Appellants argue that certain persons to whom the security was offered were not qualified, in that they did not hold the partnership units for investment purposes. However, appellants have pointed to nothing tending to demonstrate that Josephthal, in the words of section 402(b)(9), did not "reasonably believe that all the buyers . . . [were] purchasing for investment." Thus, appellants failed to create a genuine issue of material fact and the grant of summary judgment on this claim was appropriate.
VI. Denial of Leave To File Second Amended Complaint
"Leave to amend a pleading under Fed. R. Civ. P. 15(a) is a matter within the discretion of the trial court, and an order denying leave to amend will be reversed only for an abuse of that discretion." Isaac v. Harvard University, 769 F.2d 817, 829 (1st Cir. 1985) (citations omitted).
We find no such abuse in this case. The district court clearly laid out its reasons why leave was denied: (1) discovery would have to be reopened after the accumulation of an extensive and expensive record and after the legal issues involved had already been developed; (2) the additional allegations contained no newly discovered evidence or facts of a different character that would change appellants' basic claims; and (3) the threshold issue of justifiable reliance would still prove an insurmountable obstacle to recovery. In addition, the district court noted that the motion to amend came after summary judgment was under advisement. Under these circumstances, the motion for leave to amend could be viewed as an attempt to avoid an adverse ruling on summary judgment. See, e.g., Local 472 v. Georgia Power Co., 684 F.2d 721, 724 (11th Cir. 1982). We cannot say that the district court abused its discretion in denying the amendment.

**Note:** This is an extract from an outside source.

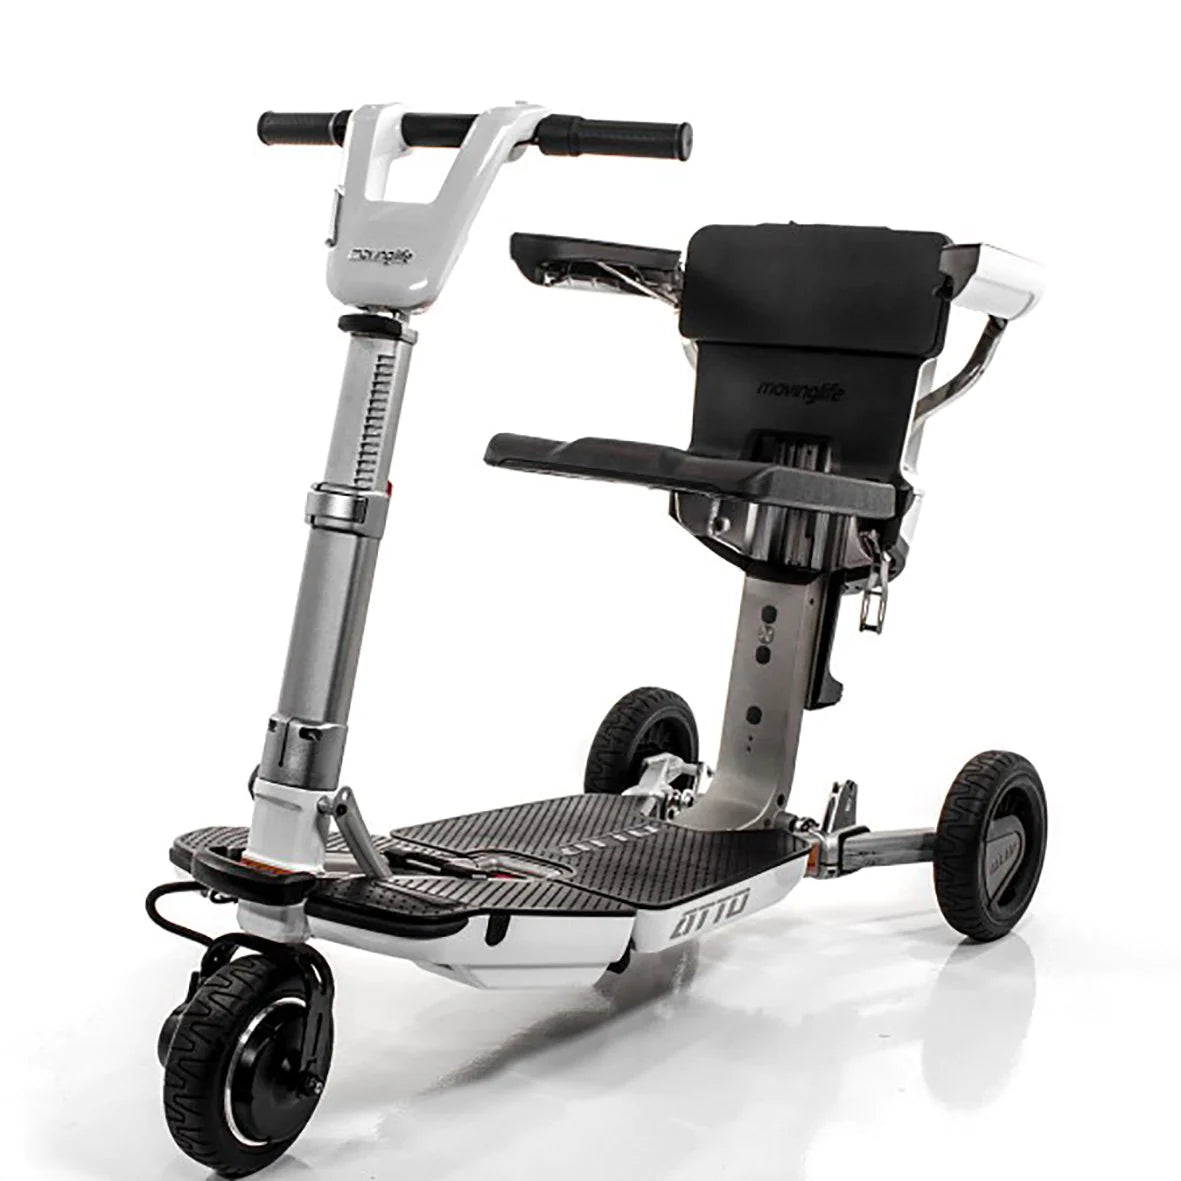 Top reasons to choose the ATTO portable mobility scooter for your mobility needs

For the above reasons, the judgment and rulings of the district court are affirmed in all respects.
* Of the District of Puerto Rico, sitting by designation.
1. Appellants also brought a claim pursuant to the Massachusetts Consumer Protection Act, MGL c.93A. The Supreme Judicial Court of Massachusetts has specifically held that chapter 93A does not apply to securities transactions. Cabot Corp. v. Baddour, 394 Mass. 720, 477 N.E.2d 399 (1985). For this reason appellants do not press this claim.
2. When directly asked at oral argument what purpose lay behind the investment, appellants gave an unresponsive answer.